# So your telling me there's a chance?



## HeaVyMeTaLFiSHinGFiEnD (Oct 2, 2010)

Lets Go!!!!!!!!!!!!!!!


----------



## set-the-drag (Jan 13, 2013)

26 and dropping gonna be on ice end of next week


----------



## s.a.m (Feb 22, 2016)

Says change to rain on two of the three


----------



## set-the-drag (Jan 13, 2013)

Stop! Shut your filthy mouth


----------



## swone (Jan 24, 2007)




----------



## DBV (Jan 8, 2011)

Unfortunately does not look like it will last. High low to mid 40’s by Thursday in Cleveland and then same on the weekend. This Winter sucks. Also, might have above normal temps to close out the month if trend continues. 

So, discouraging. Need more than 3 to 4 days of cold to make solid, safe ice.


----------



## HeaVyMeTaLFiSHinGFiEnD (Oct 2, 2010)

DBV said:


> Unfortunately does not look like it will last. High low to mid 40’s by Thursday in Cleveland and then same on the weekend. This Winter sucks. Also, might have above normal temps to close out the month if trend continues.
> 
> So, discouraging. Need more than 3 to 4 days of cold to make solid, safe ice.

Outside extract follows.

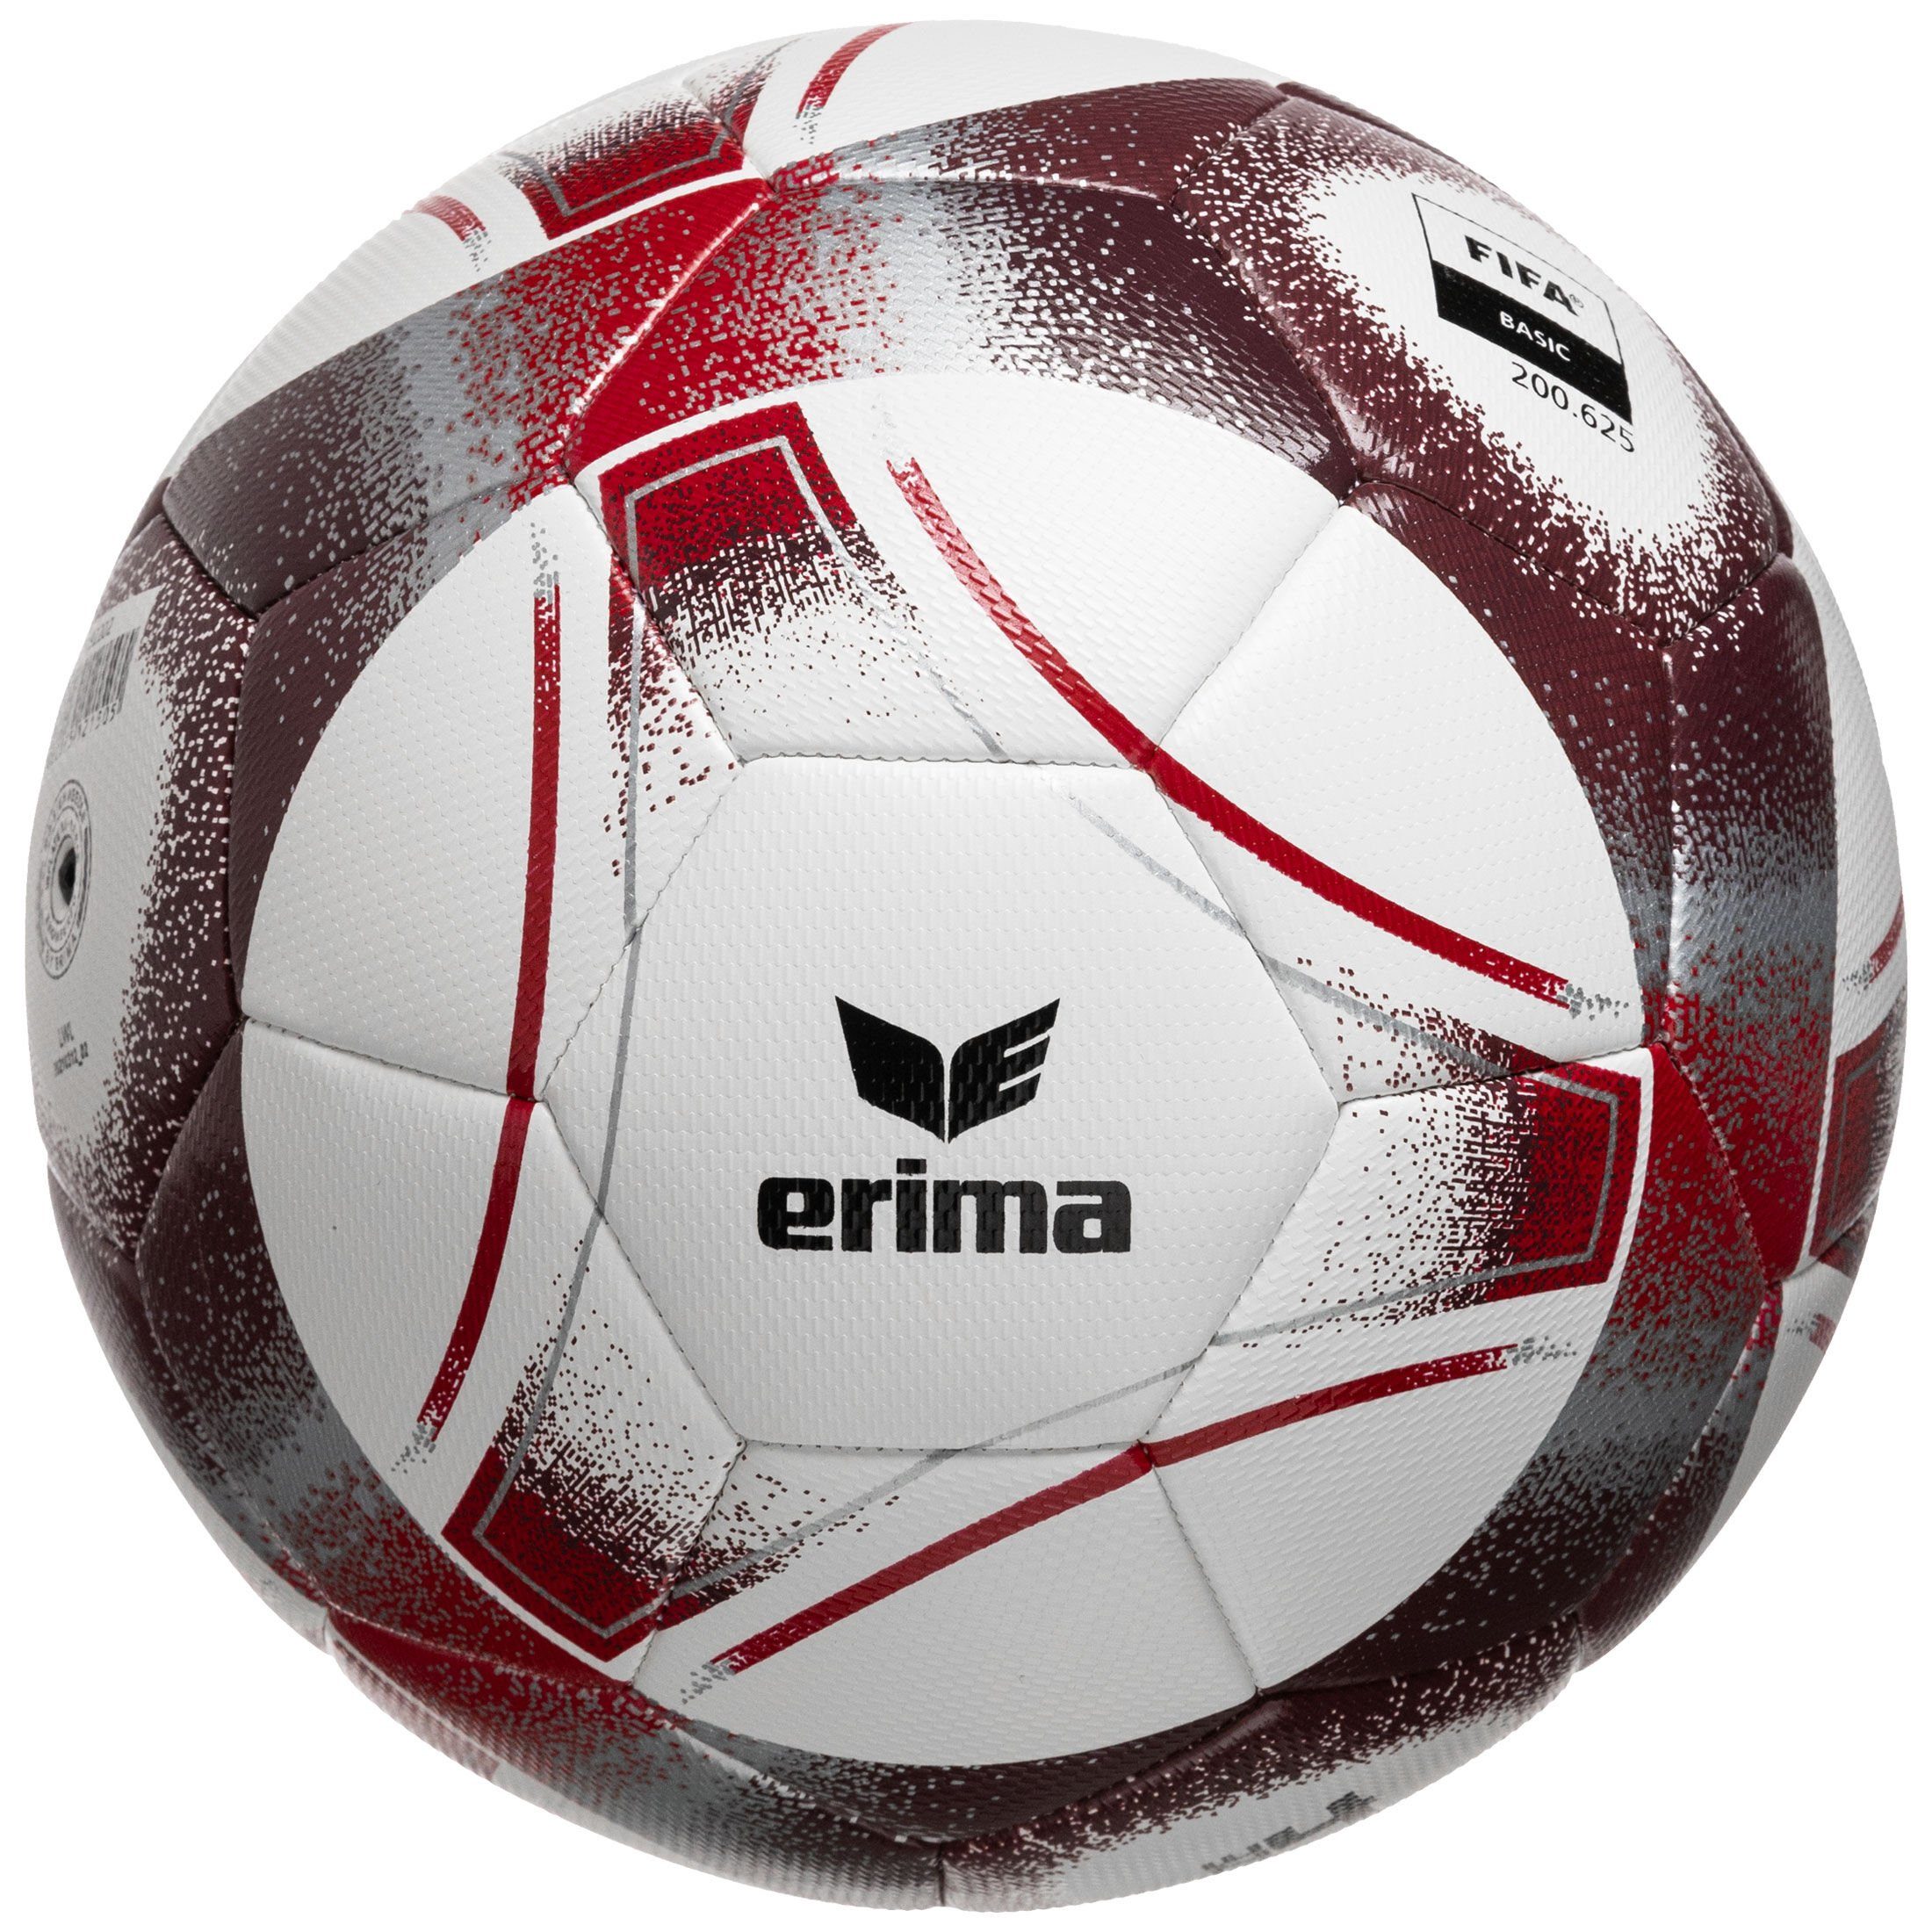 Fußball Fußball Hybrid Training rot bordeaux / Erima

Its Ohio, things change on a dime. Gotta keep the faith


----------



## kit carson (Jan 24, 2016)

Those day time temps shouldn't hurt a thing refreeze and make ice every night. We should be good to go in a couple days

Sent from my SM-T560NU using Tapatalk


----------



## swone (Jan 24, 2007)

HeaVyMeTaLFiSHinGFiEnD said:


> Its Ohio, things change on a dime. Gotta keep the faith


How do I like this post 15 times?!? Don’t they know you have the coolest ice fishing toy in the history of the world sitting in a rolling cooler ready to move out?
*
FREEEEEEEEEEEEEEEEEZE*!!!


----------



## Smitty82 (Mar 13, 2011)

The title of this thread screams Browns Fan...


----------



## bumpus (Jan 17, 2015)

I'm about the only person in my social circle that thrives for the ice so I constantly get asked in these winter's if I think it will happen I always just say ice fishing in Ohio is like being a browns all we can do is hope


----------



## HeaVyMeTaLFiSHinGFiEnD (Oct 2, 2010)

swone said:


> How do I like this post 15 times?!? Don’t they know you have the coolest ice fishing toy in the history of the world sitting in a rolling cooler ready to move out?
> *
> FREEEEEEEEEEEEEEEEEZE*!!!









there sitting there all nice and grouped up, waiting to get thrown in some peanut oil.


----------



## HeaVyMeTaLFiSHinGFiEnD (Oct 2, 2010)




----------



## DBV (Jan 8, 2011)

HeaVyMeTaLFiSHinGFiEnD said:


> Its Ohio, things change on a dime. Gotta keep the faith


Hope you are right, but the weather anymore kind of lost the faith. Can’t even have one snowstorm without rain like will be happening today anymore. Seems like whatever the season, we get more above average temps than average or below for long stretches.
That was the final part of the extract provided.